The risk is a series of bear-market rallies that don’t last, hurting dip buyers and further damaging investor confidence
https://www.wsj.com/articles/conditions-are-ripe-for-a-deep-bear-market-11653166864?mod=hp_trending_now_article_pos1
With the S&P 500 briefly on Friday down 20% from its January peak, it is very tempting to start trying to call the end of the selloff. The problem is that only one of the conditions for a rally is in place, that everyone’s scared. That worked beautifully for timing the start of the 2020 rebound, but this time around may not be enough.
The other requirements are that investors start to see a way through the challenges, and that policy makers start to help. Without those, the risk is a series of bear-market rallies that don’t last, hurting dip buyers and further damaging investor confidence.
This time central bankers are scared not by falling markets or the economic outlook, but by inflation. Sure, if something major breaks in the financial system, they will refocus on finance, and a recession may prompt them to rethink rate rises. But for now, inflation means that falling stock prices are seen merely as a side effect of tighter monetary policy, not a reason to invoke the “Fed put” and rescue investors.

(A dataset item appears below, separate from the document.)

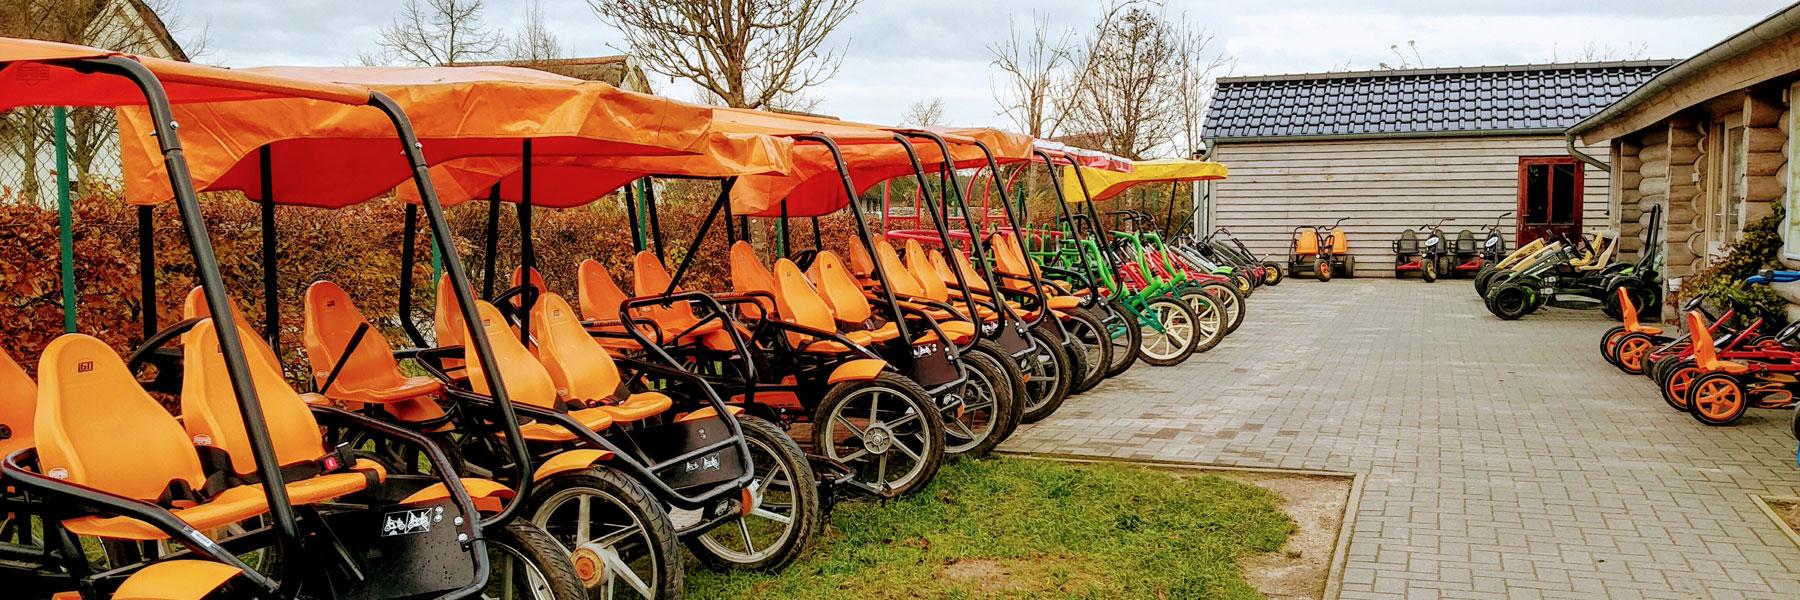 Pedal-Gokarts - WANDERER - Kanu, Rad & Reisen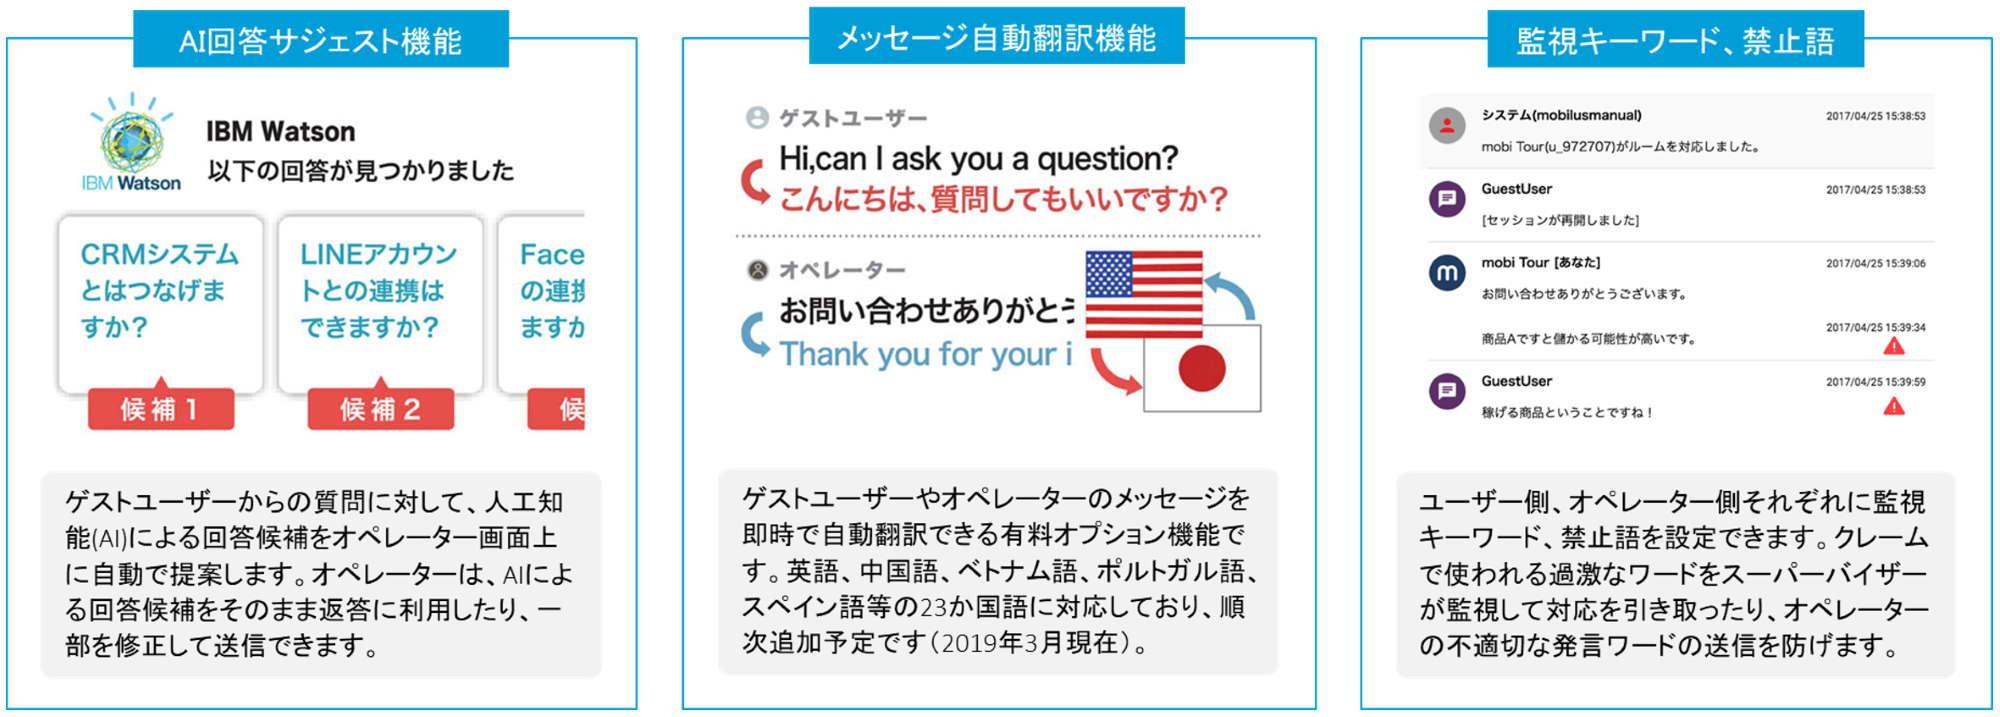 チャットサポートのオペレーター支援機能「AI回答サジェスト」「メッセージ自動翻訳」「監視キーワード・禁止語」

There is nothing magical about a fall of 20%, the usual definition of a bear market. But it does crop up a lot: In the past 40 years, the S&P 500 has bottomed out with a 20%-or-so peak-to-trough decline four times, in 1990, 1998, 2011 and 2018. Another four times it had far bigger losses, as true panic took hold.
The common factor in the 20% drops was the Federal Reserve. Each time, the market bottomed out when the central bank eased monetary policy, with the stock market’s fall perhaps helping push the Fed to take the threats more seriously then it otherwise might.
My concern is that this time could be more like 1973-1974. Just as then, the primary concern of the country is inflation, thanks to a war-related oil-price shock. Just as then, the inflationary shock took hold when the Fed had rates far too low given the scale of political stimulus for the economy. Just as then, favored stocks—the Nifty Fifty, now the FANGS and associated acronyms—had soared in prior years.
Most important, in 1974 the Fed kept raising rates even as a recession took hold because it was running to catch up with inflation. The result was a horrible bear market interspersed with soul-destroying temporary rallies, two of 10%, two of 8% and two of 7%, each snuffed out. It took 20 months before the low was reached—not coincidentally, when the Fed finally began to get serious about cutting rates.
To be clear, this article is not predicting a bear market, just saying that conditions are almost optimal for one to occur. The market can of course stay irrational longer than you can stay solvent if you bet against it. Regardless, Don’t Fight the Fed.